The open data movement is lagging in Canada as demonstrated by exorbitant fees for such basics as the data set of postal codes correlated to electoral districts. This data could be used for any number of civic engagement projects, but it costs thousands of dollars due to Statistics Canada's policies of cost recovery.

Currently, access to government data is hampered by four main factors: i) the high cost of available data sets; ii) arbitrary decisions about availability of data sets to the public; iii) restrictive licenses; and iv) inaccessible data formats.

Formed in 2007, Citizens for Open Access to Civic Information and Data is a loose grouping of academics, activists, and citizens concerned with promoting data liberation in Canada. The grouping includes lawyers, copyright experts, librarians, archivists, cartographers, engineers, communications activists, open source programmers, and new media designers. The two main objectives of CivicAccess are:

  • encourage all levels of governments (e.g. federal, provincial, municipal) and sectors (health, environmental, education) to make civic data and information available to citizens without restrictions, at no cost, in usable open formats
  • encourage the development of citizen projects using civic data and information

The long-term vision is a country in which citizens, specialists, professionals, academics, community groups and even businesses can work together, developing innovative information access and visualization tools, better decision-making models, and more tools responsive to the needs of the citizens. Liberating data will spur grassroots research on important social, economic, political and technical areas, currently hampered by lack of access to and high cost of civic data. Further, we want to link the debate about data to questions of government transparency and accountability, which pivot on access to accurate, reliable, and timely data.

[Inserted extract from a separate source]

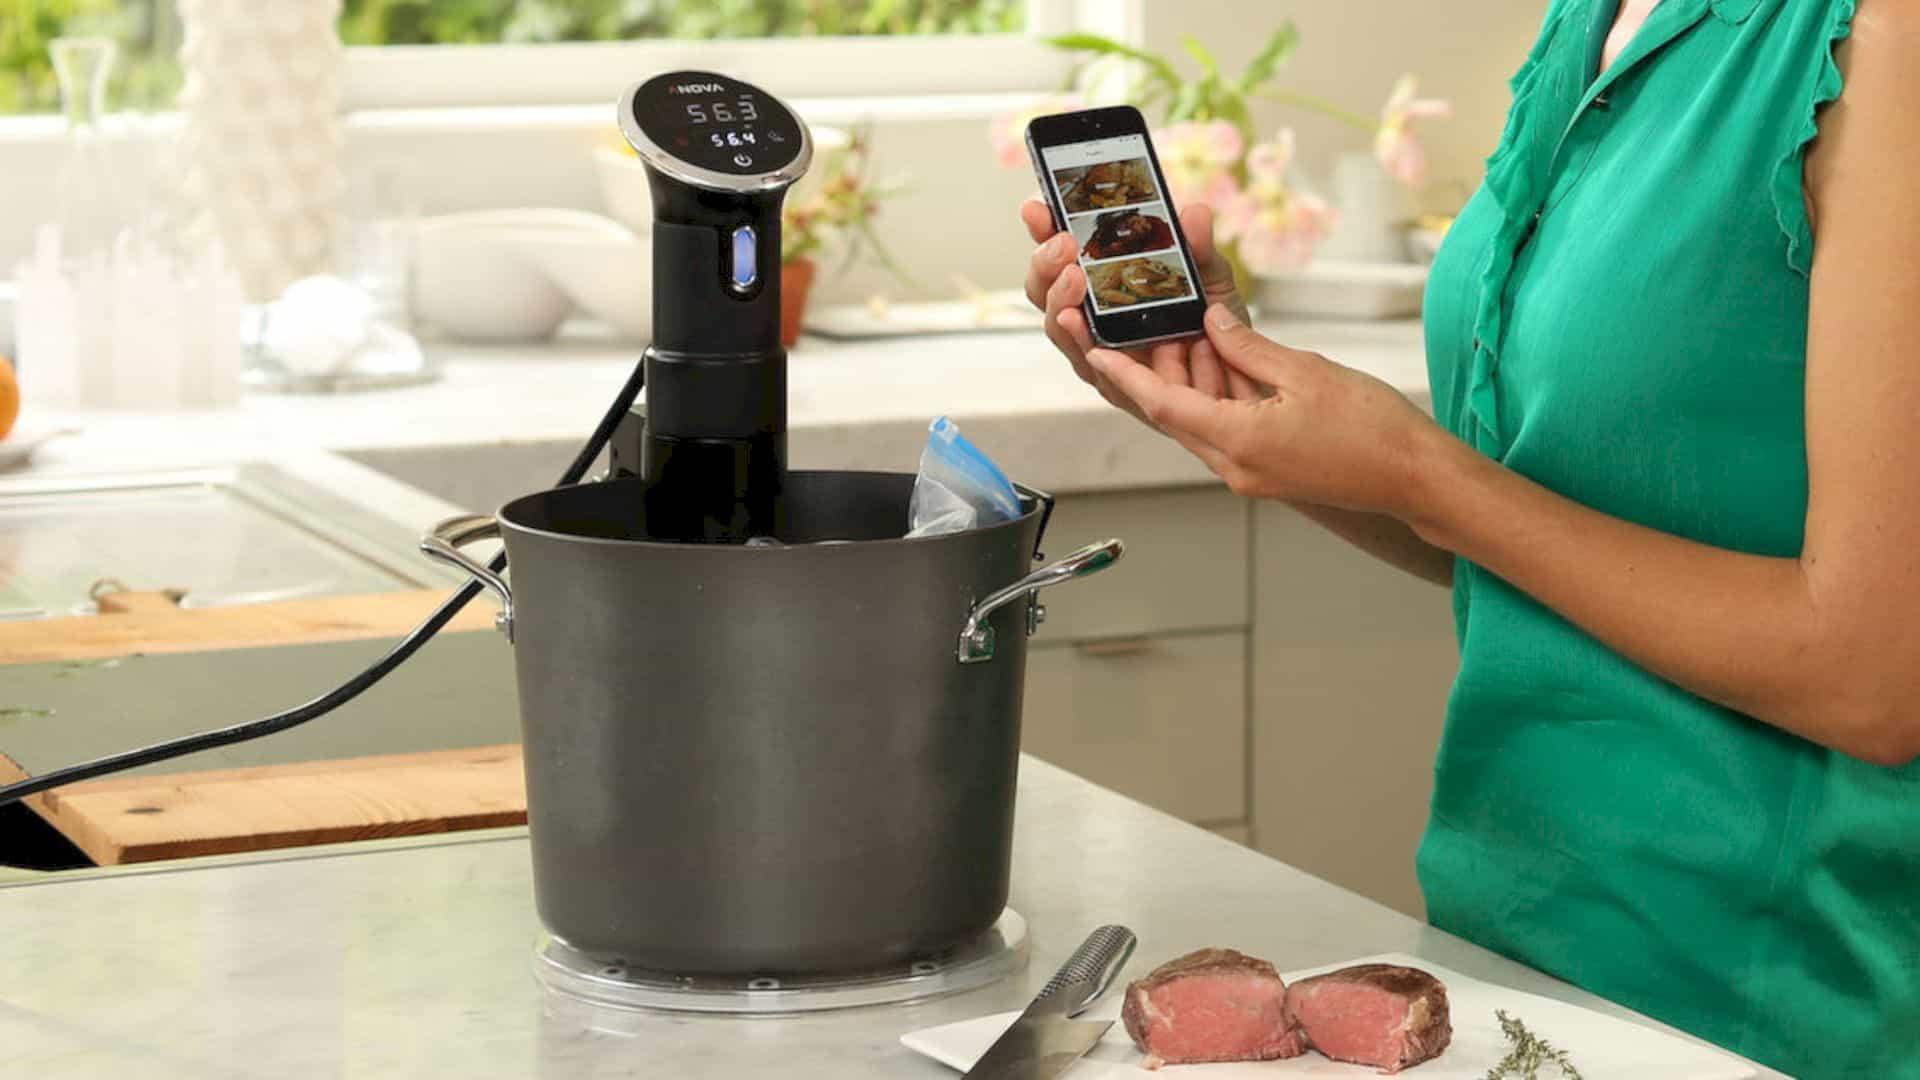 Anova Precision Cooker 1
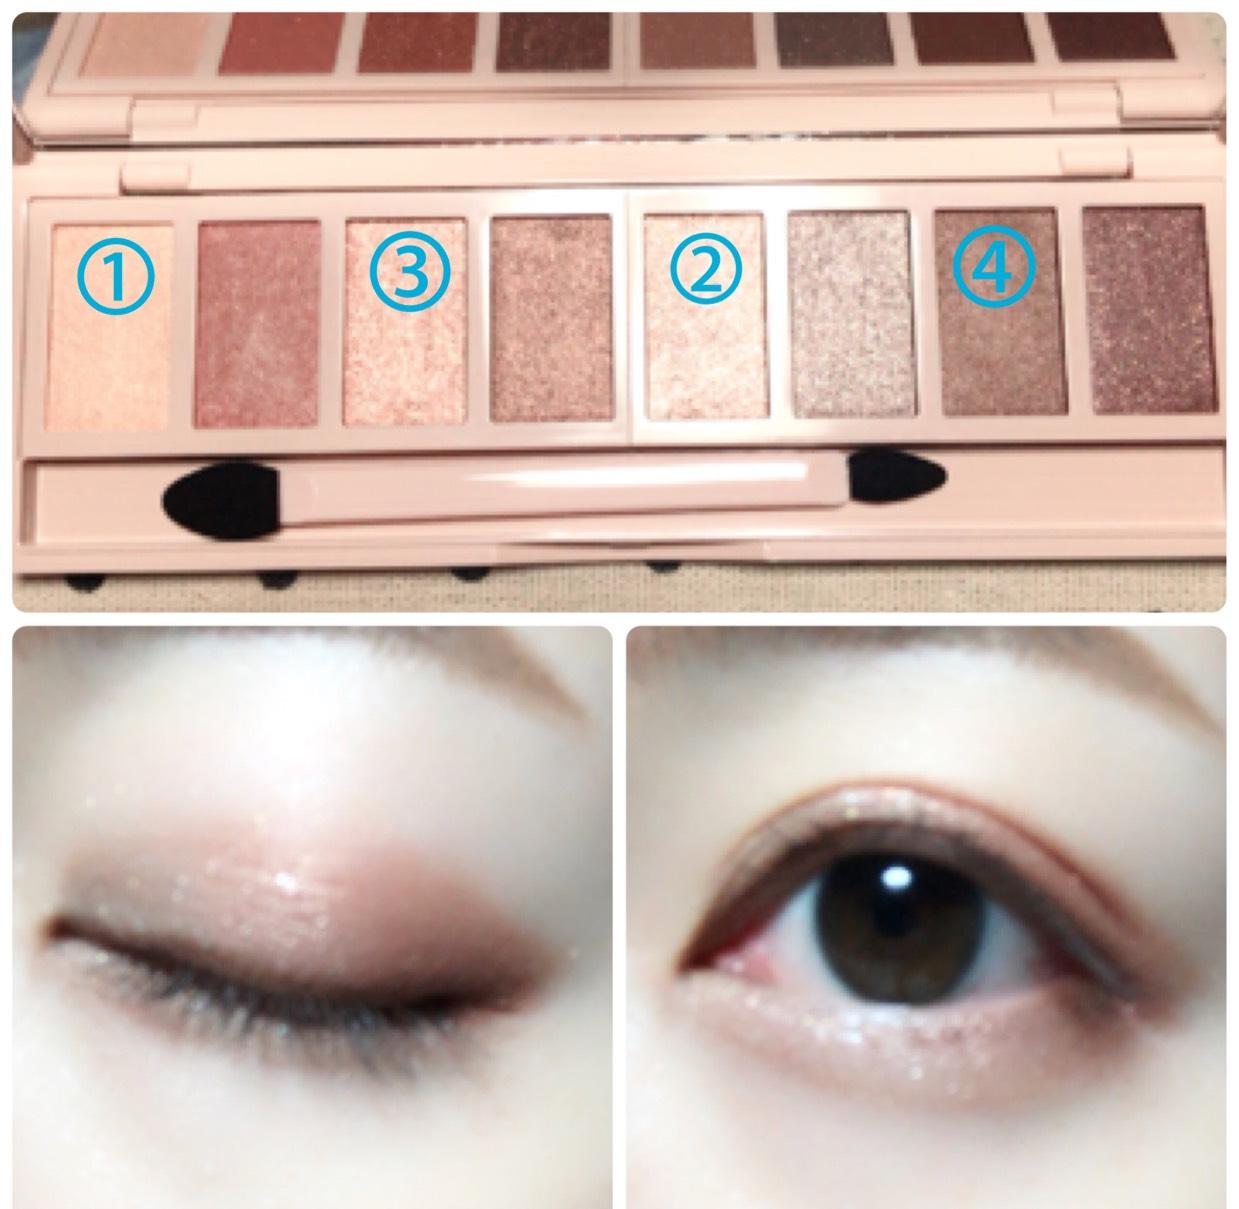 アイホール全体に①を塗り、上まぶた目頭側に②を、目尻側に③を塗り、涙袋に②、目の下目尻側に③を塗ります。 上まぶたの目の際と涙袋の影に④を使用します。

But first, we need access to that data.

What are Civic Data?

Civic data are a public good, and more specifically, are "numerical quantities or other factual attributes generated by scientists, derived during the research process through observations, experiments, calculations and analysis". It is also "facts, ideas, or discrete pieces of information, especially when in the form originally collected and unanalyzed", and also, from the Report of the National Science Board, "numbers, images, video or audio streams, software and software versioning information, algorithms, equations, animations, or models/simulations". Distinctions are made between raw or level 0 data and derived, refined, synthesized or processed data. Raw data are normally unprocessed; examples include digital signals from a sensor or an instrument (e.g. unprocessed satellite image, thermometer), facts derived from a sample collected for an experiment (e.g. blood sample, ice core), and facts collected by human observation (e.g. mine tailings, census). Computations and data manipulations are related to research objectives and methodologies. Refined or processed data are raw data that have been manipulated, undergone computational modeling, been filtered through an algorithm, sorted into a table or rendered into a map. In these cases, access to the models is as important as access to the output results of those data.

Civic data are the data created and maintained by public organizations and paid for by the public purse as part of the ongoing day-to-day activities of governing. Public data can include crime data at the neighbourhood scale, the number of traffic violations for certain streets, election results, census data, road networks, non-private health data, government expenditure data, school board catchment area boundaries, aggregated test results, environmentally sensitive or contaminated areas, or basic framework map data that include census areas, administrative boundaries, postal code areas and geo-referenced satellite images. Framework data are particularly important as these are the foundational data sets upon which other datasets can be organized. Civic data also includes those created as part of government funded research organizations such as the Social Sciences and Humanities Council of Canada (SSHRC) and the Natural Sciences and Engineering Research Council (NSERC) or any other outsourced publicly funded data and information creation activity.

Types of Open Data?

Some aspects of the open data movement (see also the Hatcher article in this issue) include the following:

  • Open Access ( OA, which aims to end restrictive licenses on university research and data as seen in initiatives such as Open Access News
  • data visualization projects which combine design and data in creative ways to make information more accessible, such as Gapminder
  • grassroots citizen projects using government data sets to improve cities and towns, such as FixMyStreet

Civic Data Access in Canada

Access to civic data in Canada depends on how much money you have, to which organizations you are a member, and for what purpose you want to use the data.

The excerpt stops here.